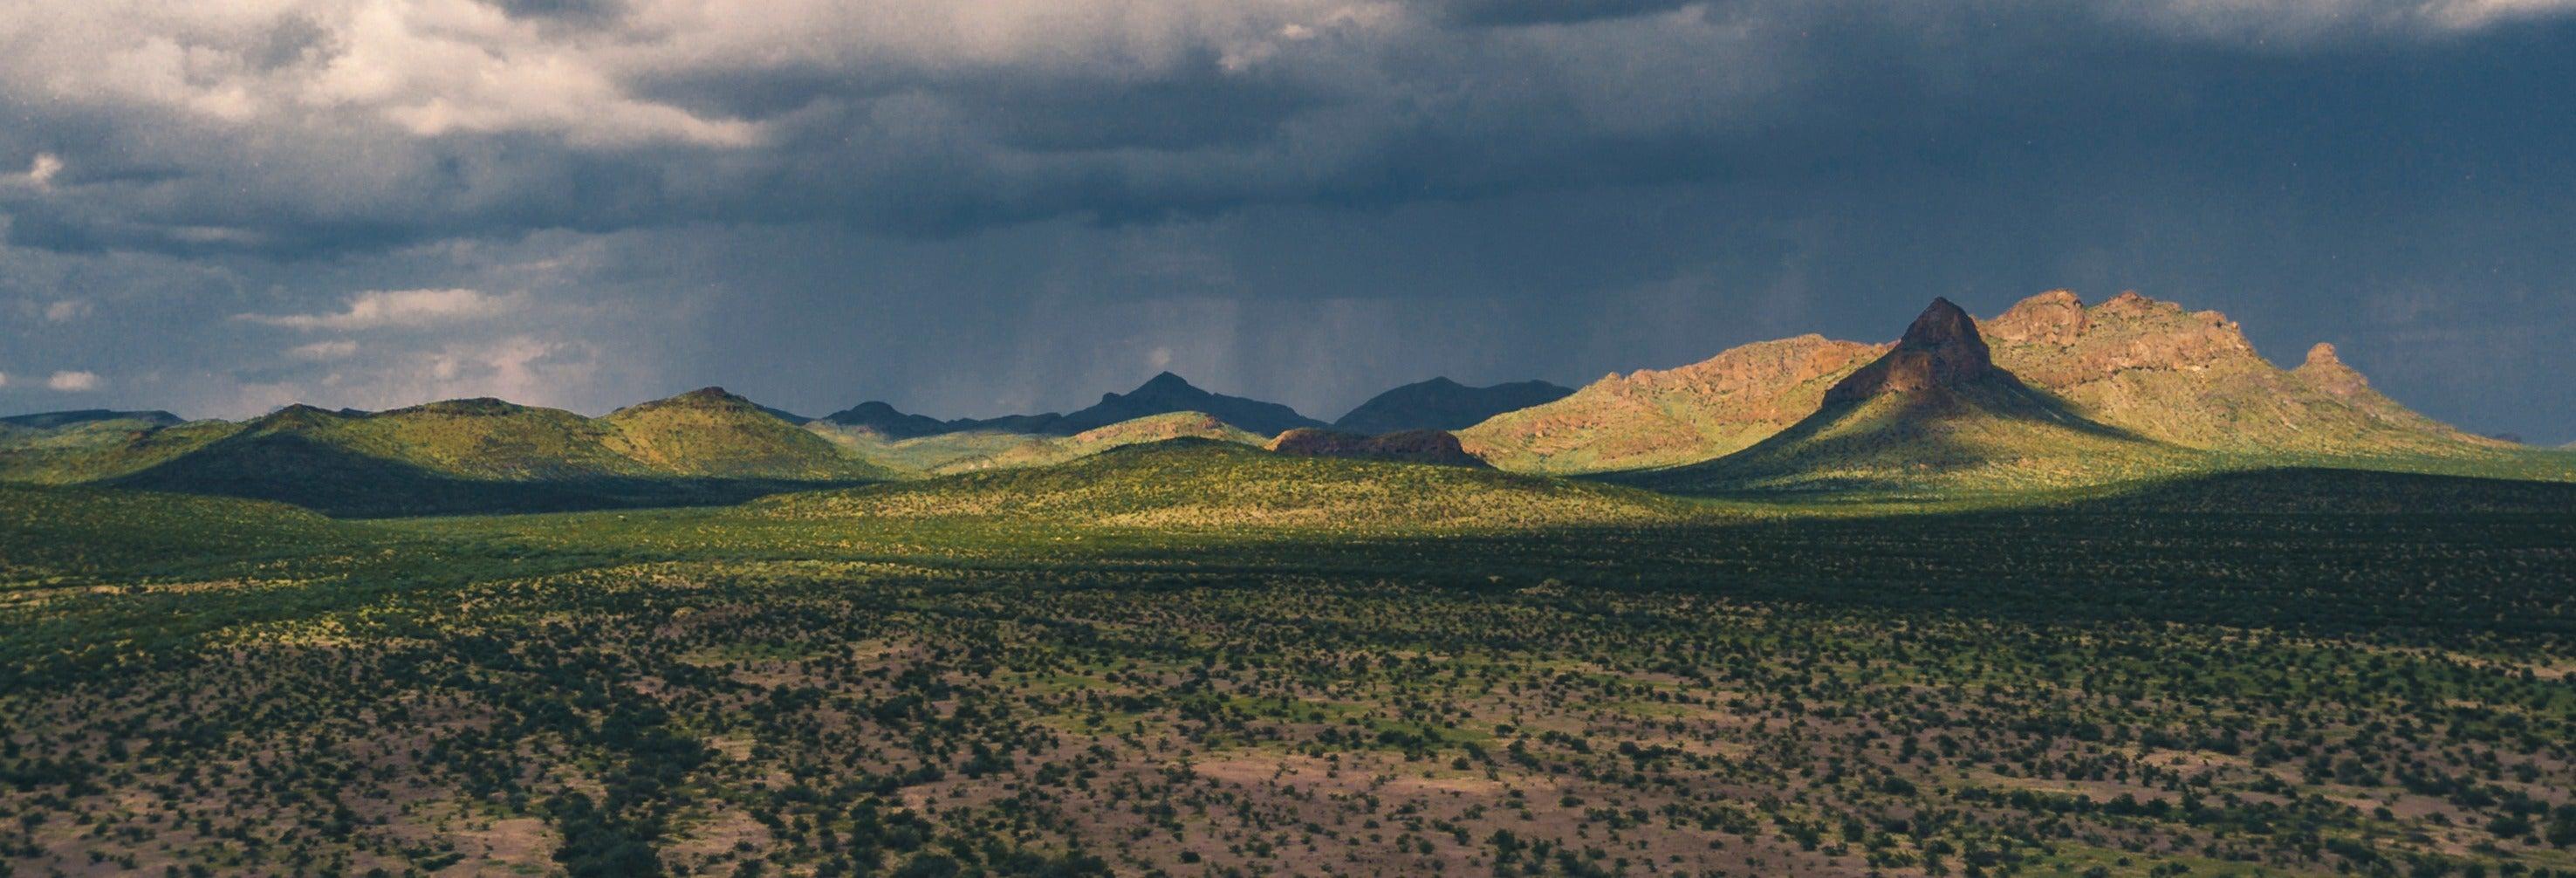 Excursión de 2 o 3 días por la Zona del Silencio, Mapimí y Ojuela desde Durango
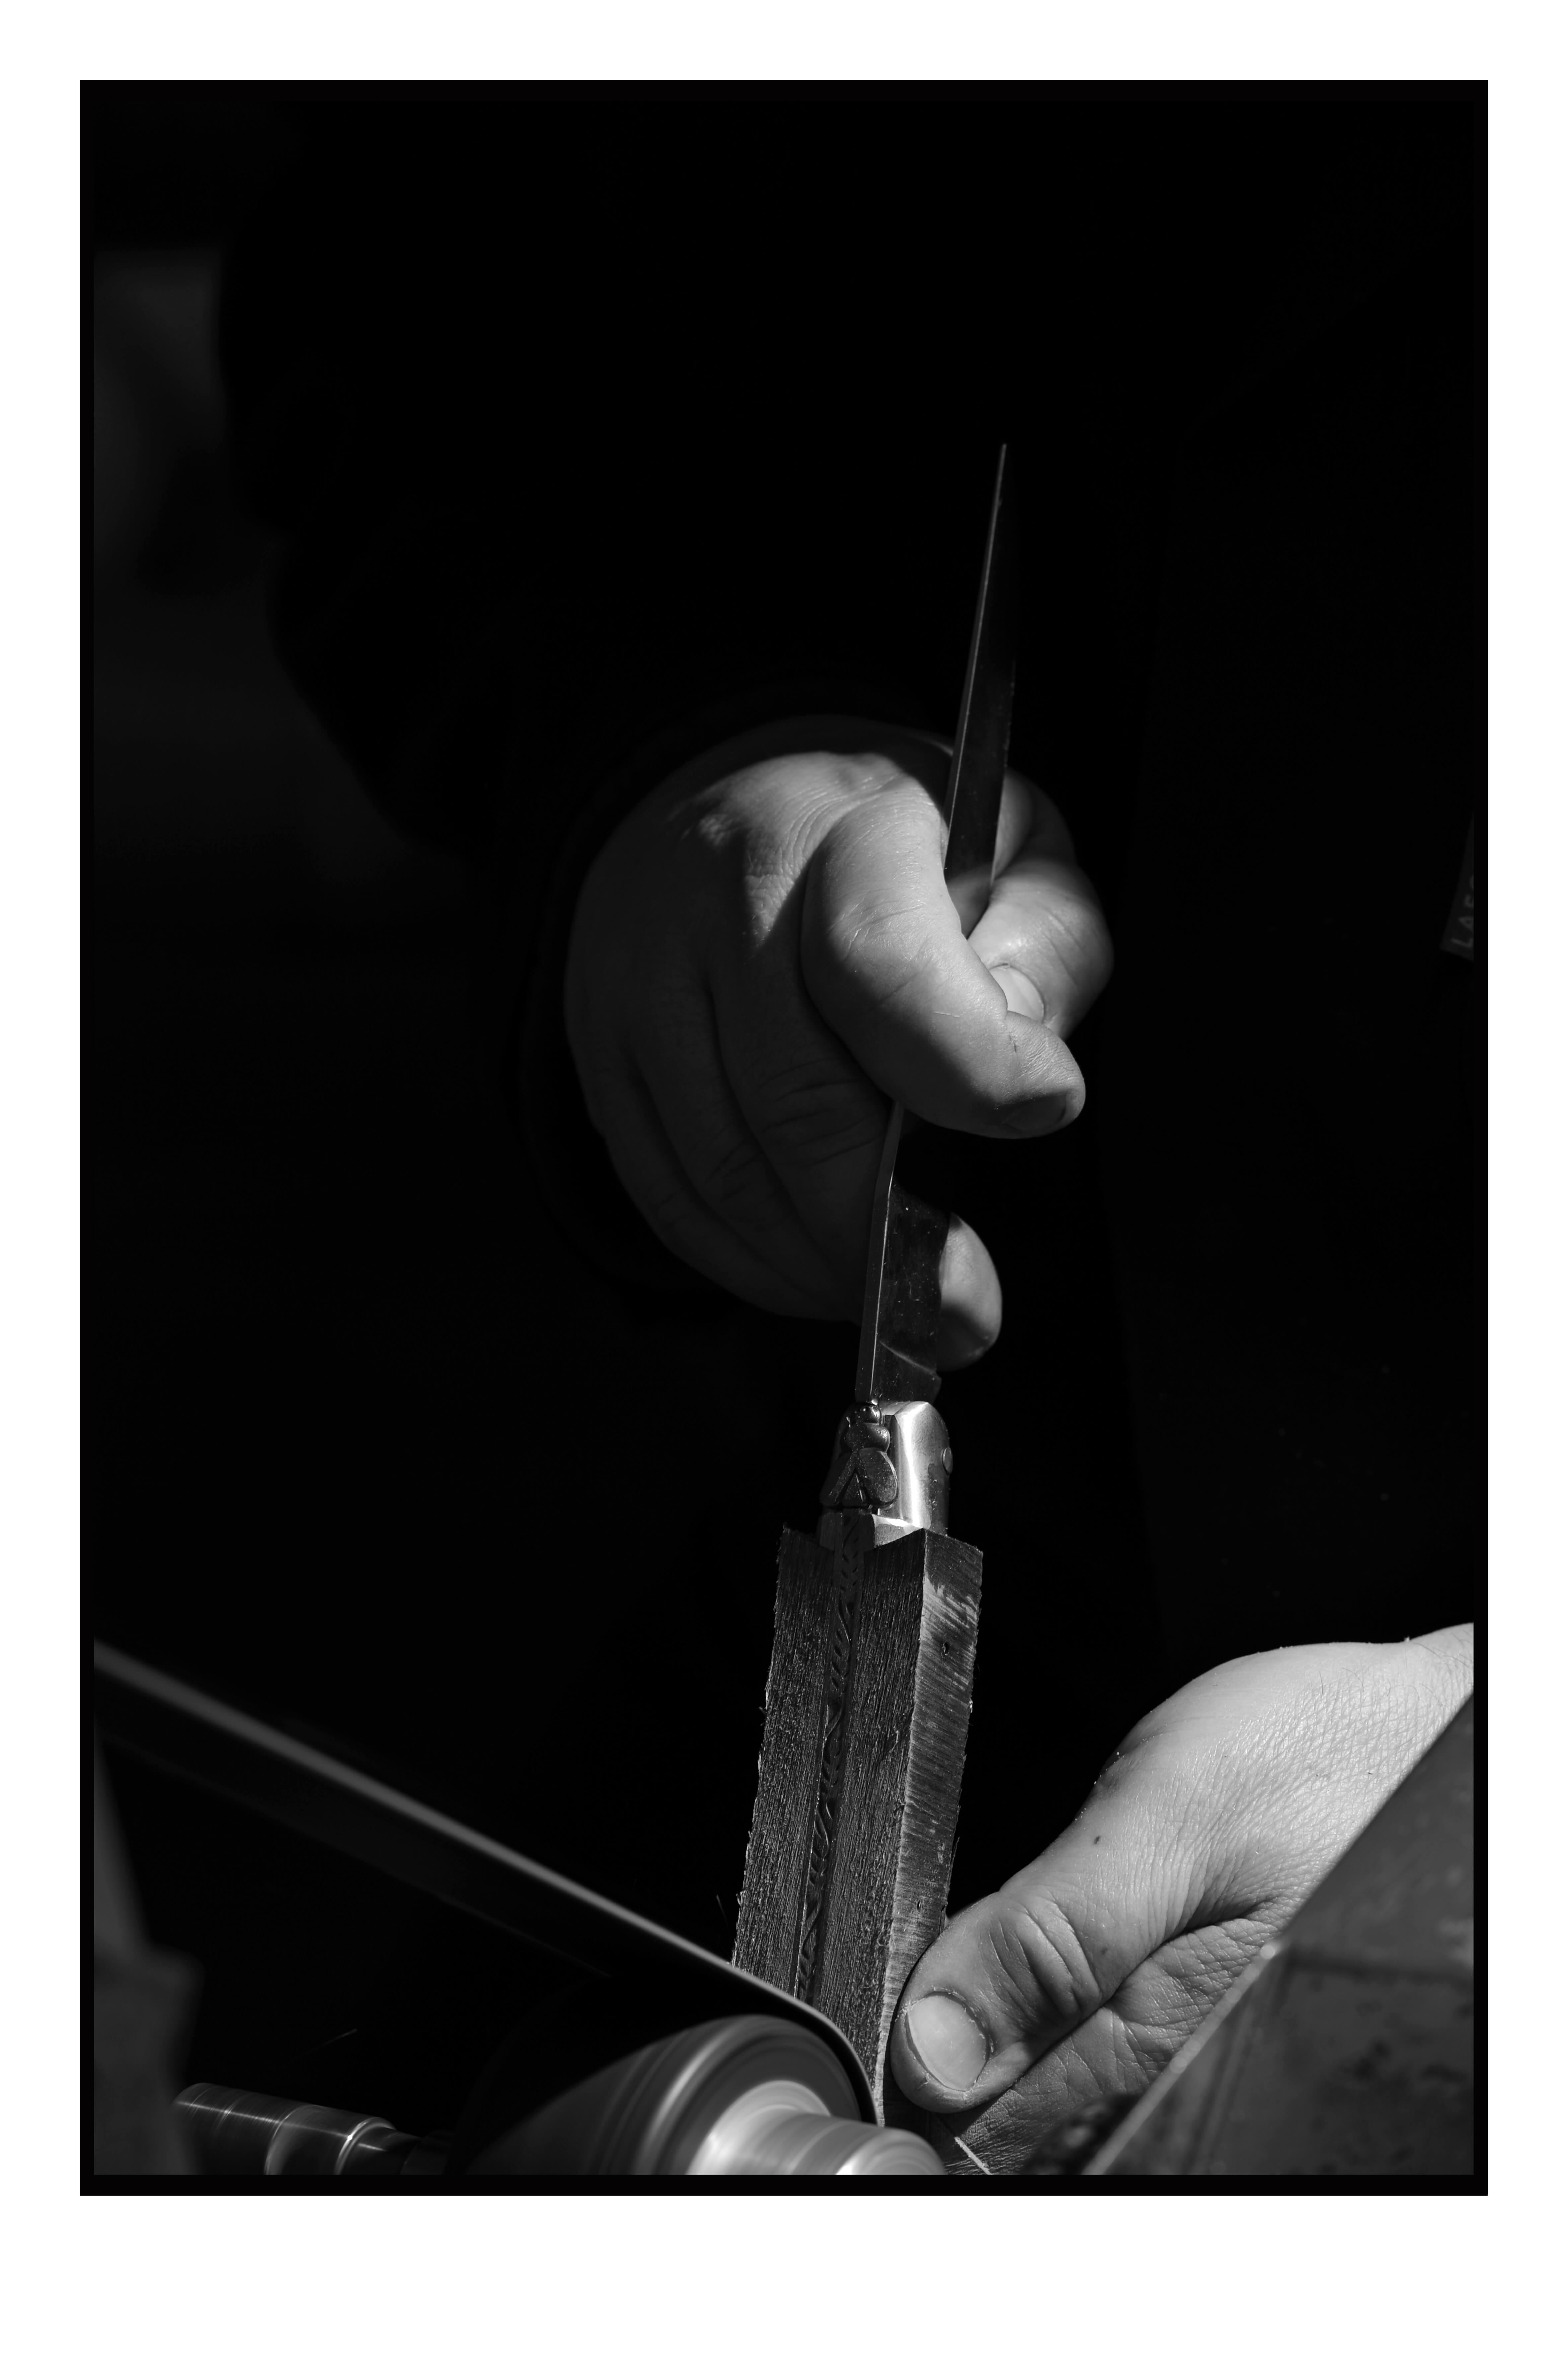 Photographie - Jean-Robert Loquillard - Les mains ; forge de laguiole
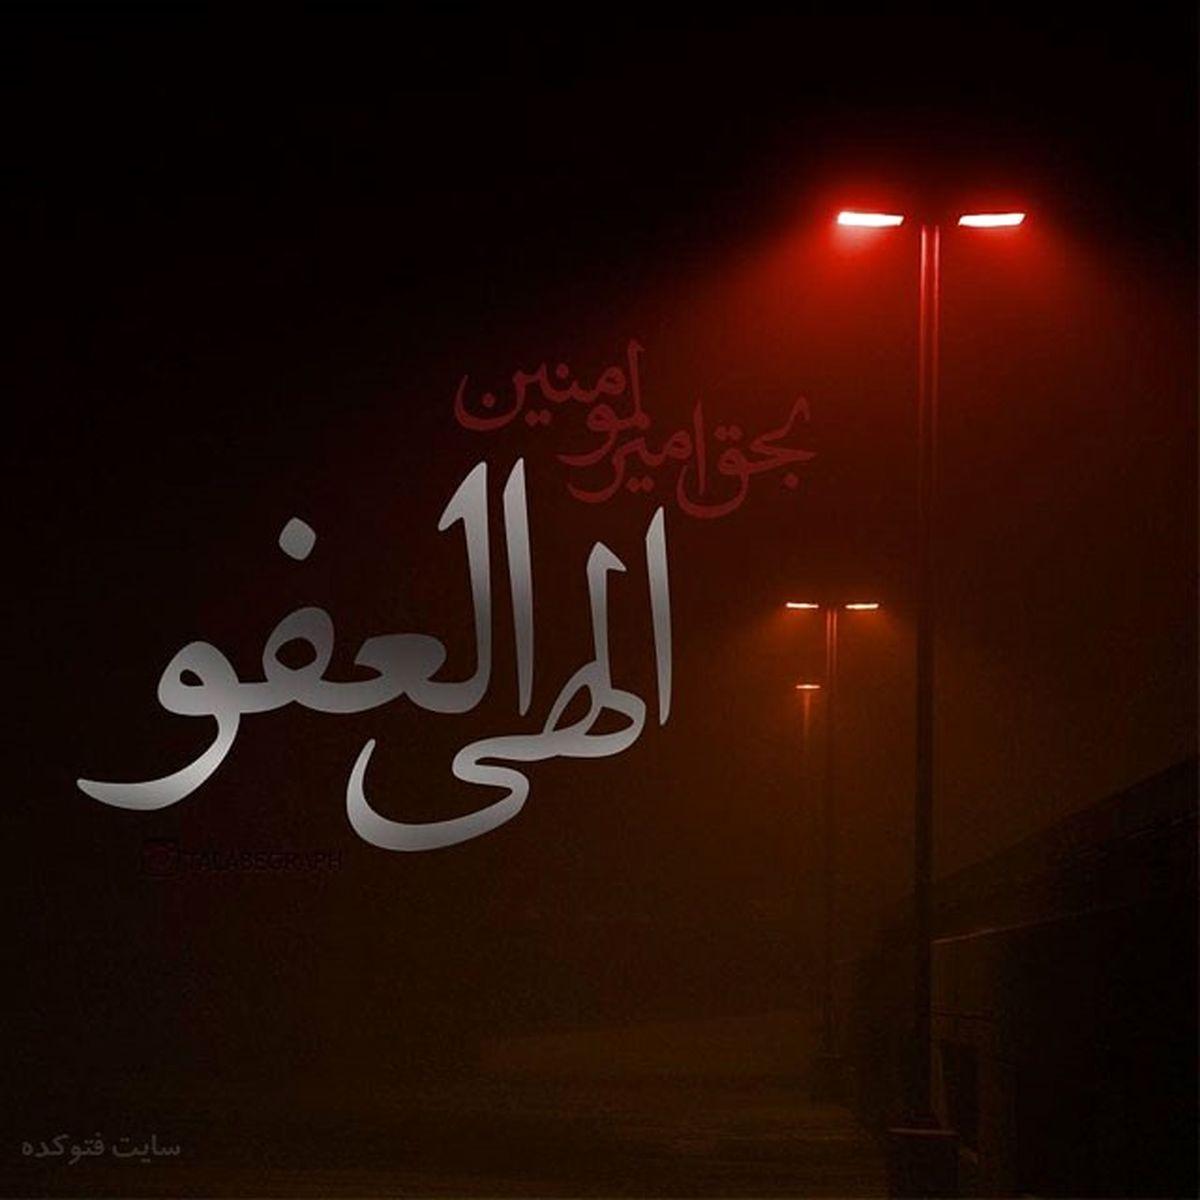 شب قدر | عکس پروفایل برای شب قدر + تصاویر

Exercise prompt
Would you retype all the material above exactly, apart from its pictures?

Your solution
 Excursión de 2 o 3 días por la Zona del Silencio, Mapimí y Ojuela desde Durango
 Photographie - Jean-Robert Loquillard - Les mains ; forge de laguiole
 شب قدر | عکس پروفایل برای شب قدر + تصاویر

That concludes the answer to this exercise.